Provided entries »
=======
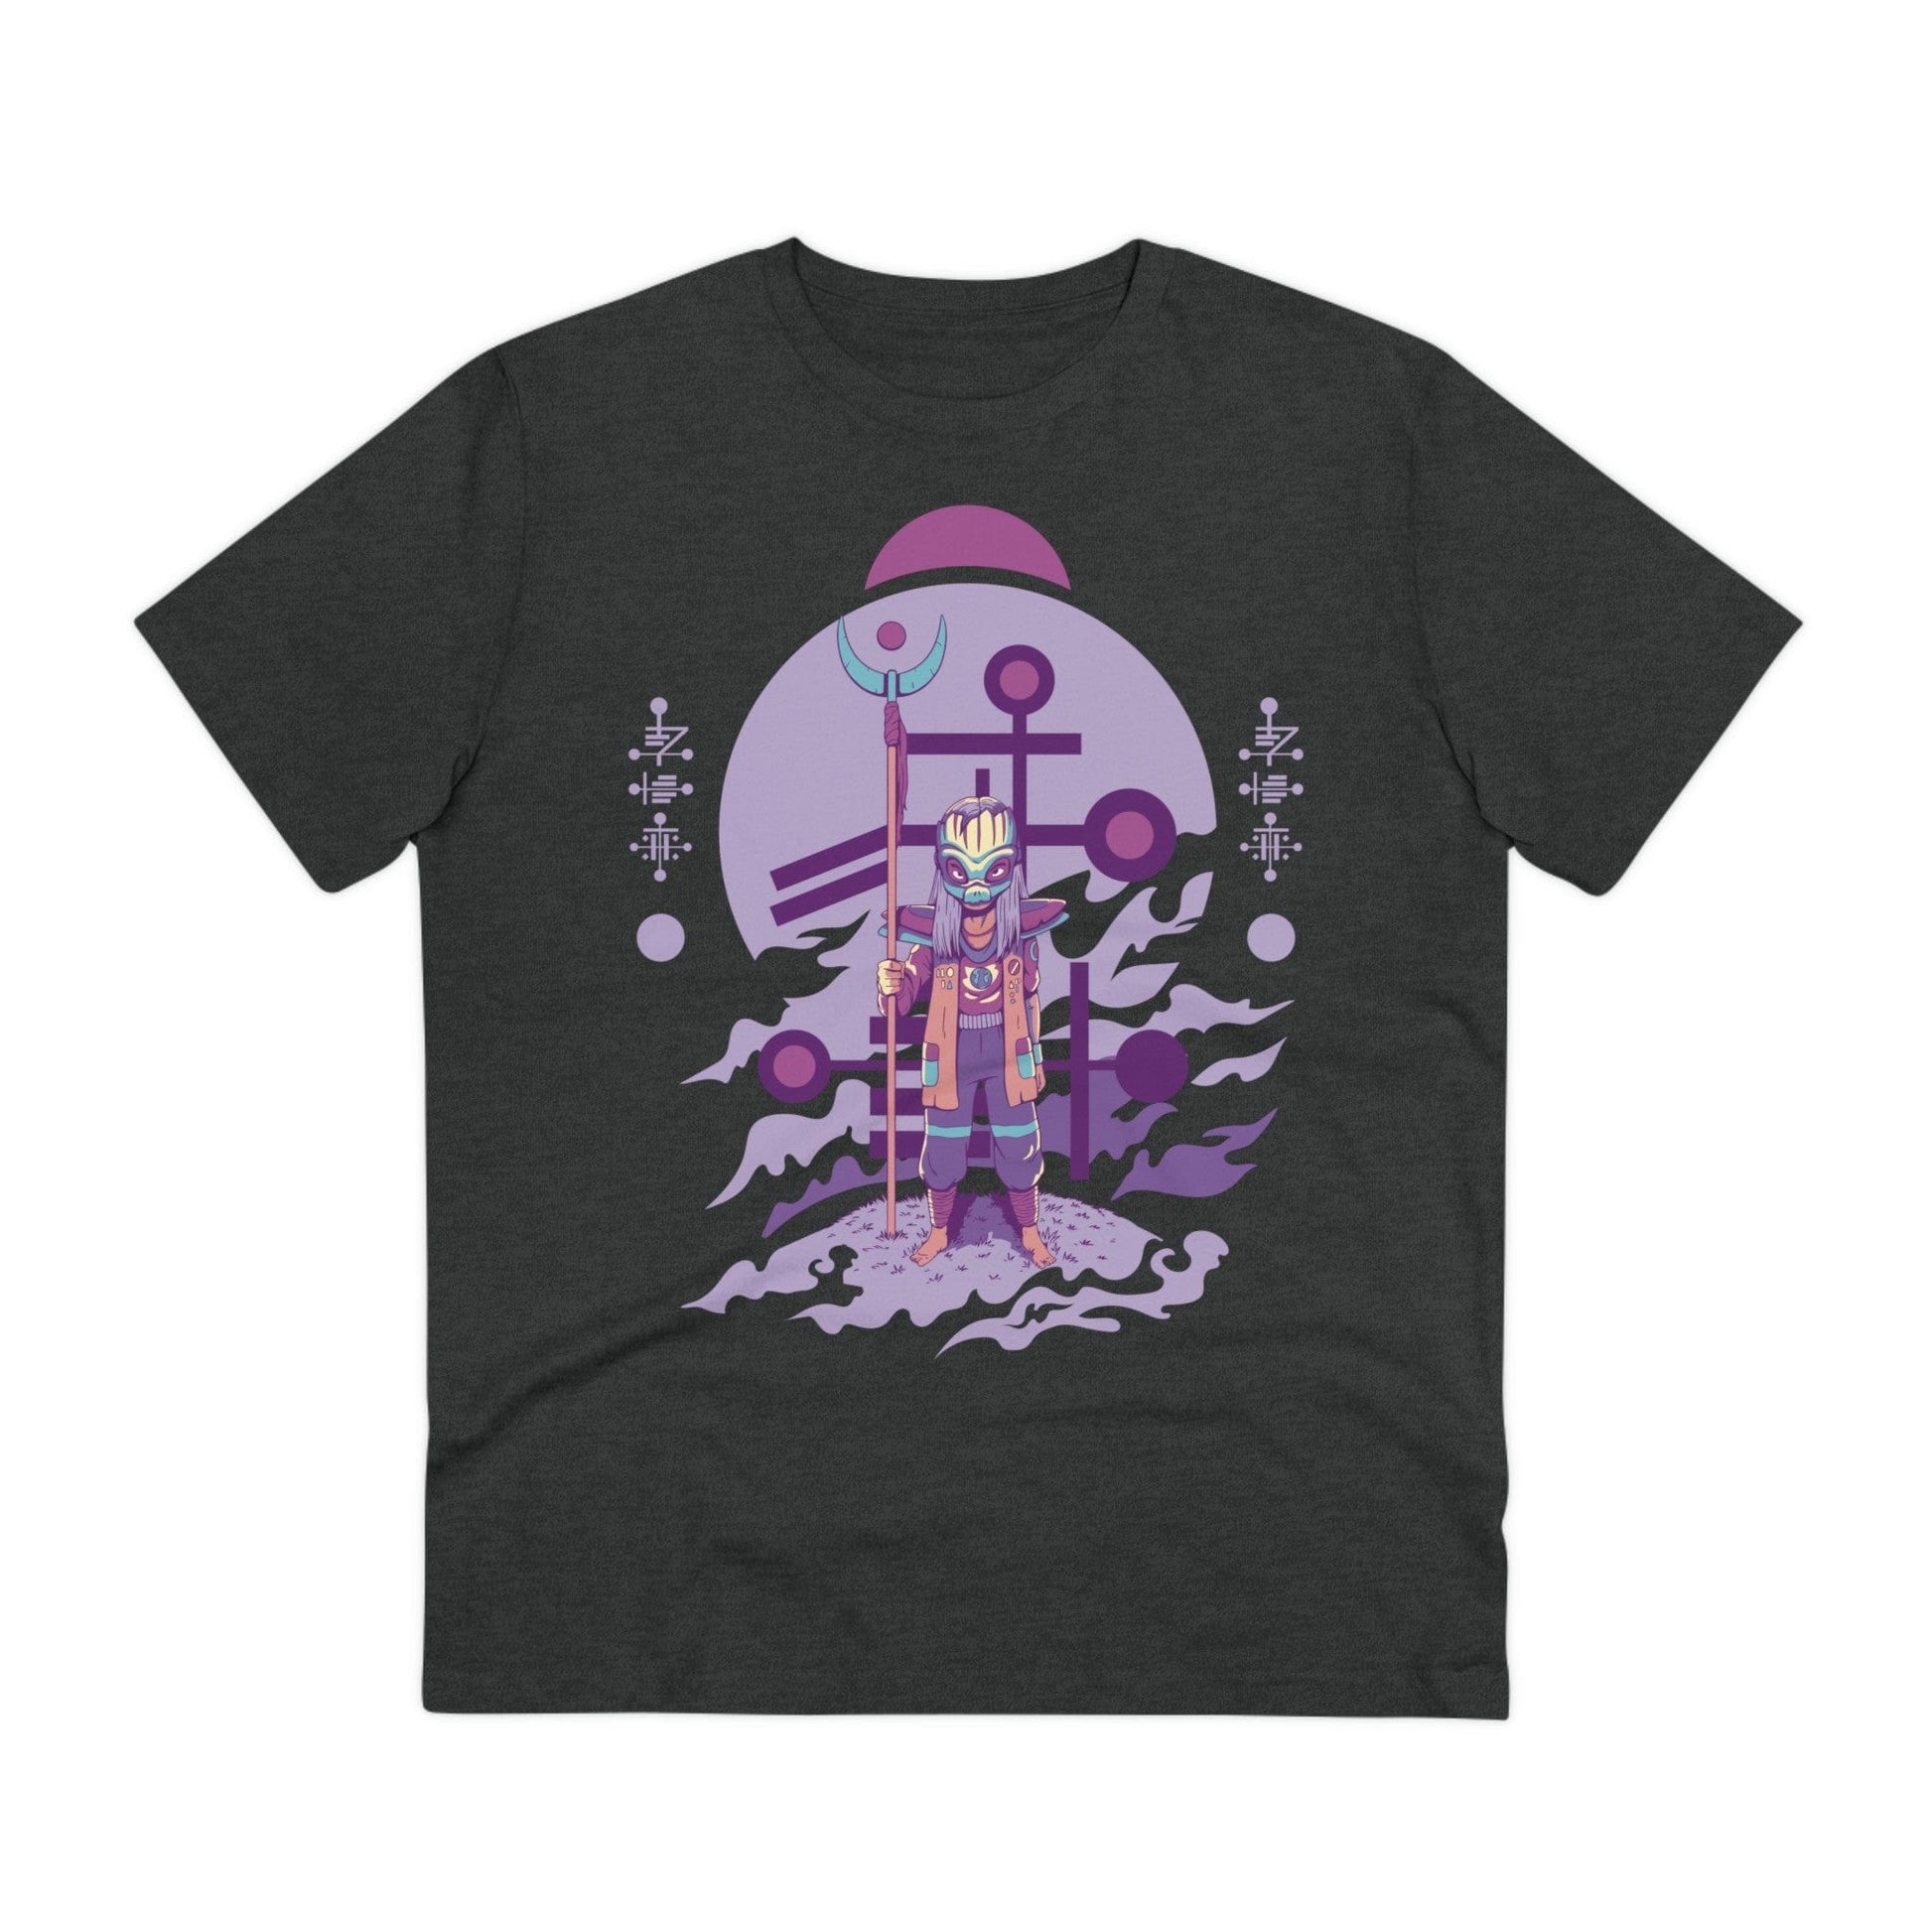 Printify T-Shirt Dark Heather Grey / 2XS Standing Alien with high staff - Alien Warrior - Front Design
=======
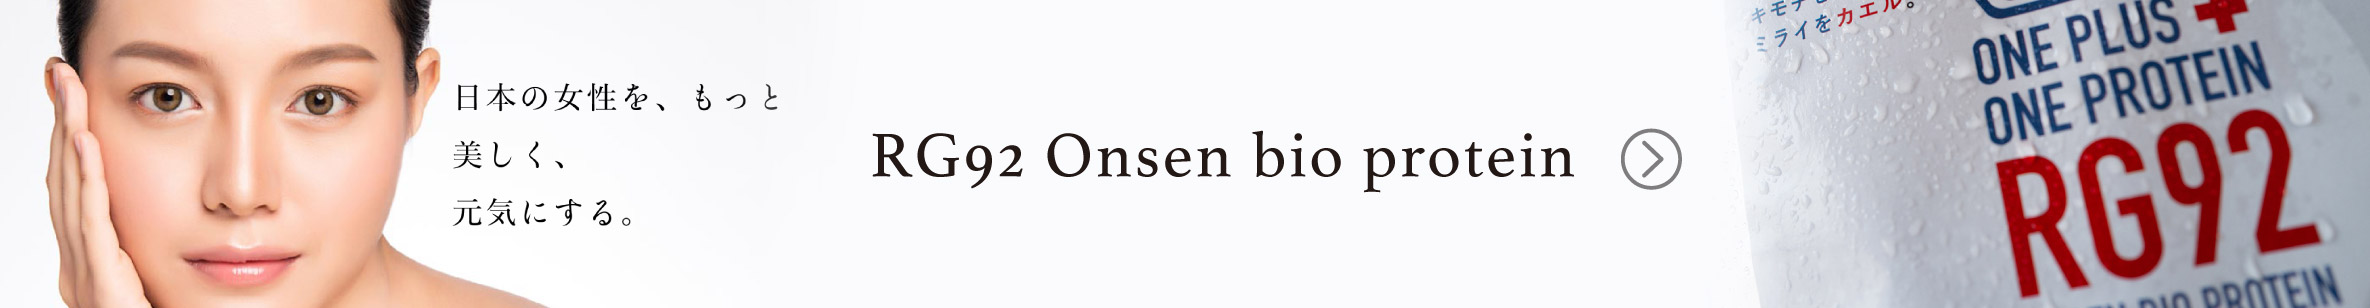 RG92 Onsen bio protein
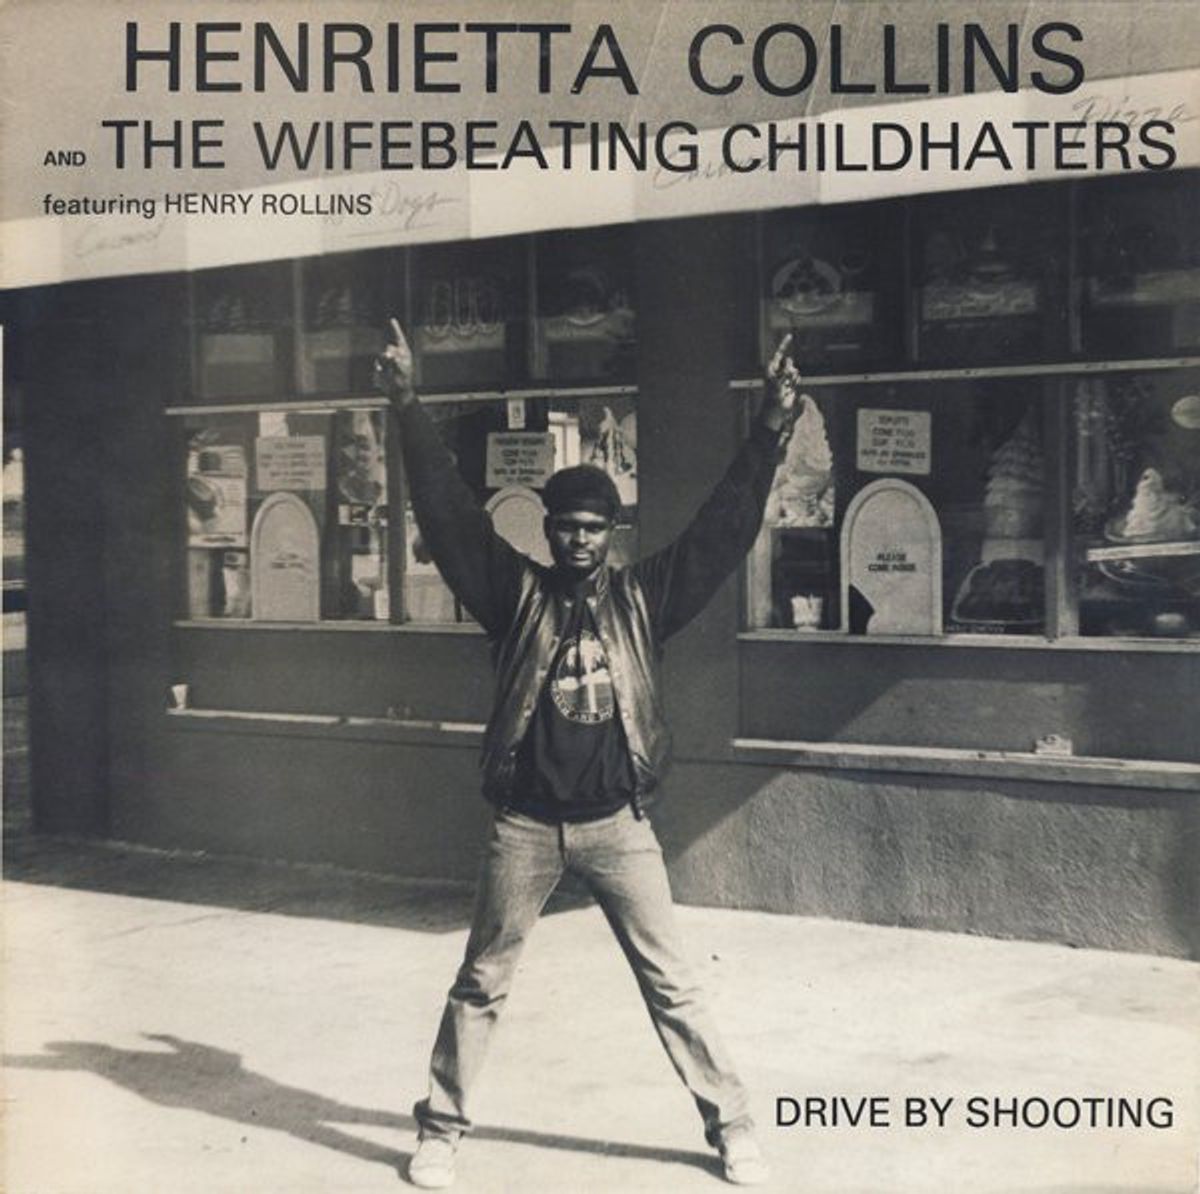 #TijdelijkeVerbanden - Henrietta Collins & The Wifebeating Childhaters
=======
The problem »
Leaving each picture behind, please give again exactly the lines above from the one with "RG92 Onsen bio protein" through the one with "#TijdelijkeVerbanden - Henrietta", both included, and no others.

Solution for this problem »
 RG92 Onsen bio protein
 #TijdelijkeVerbanden - Henrietta Collins & The Wifebeating Childhaters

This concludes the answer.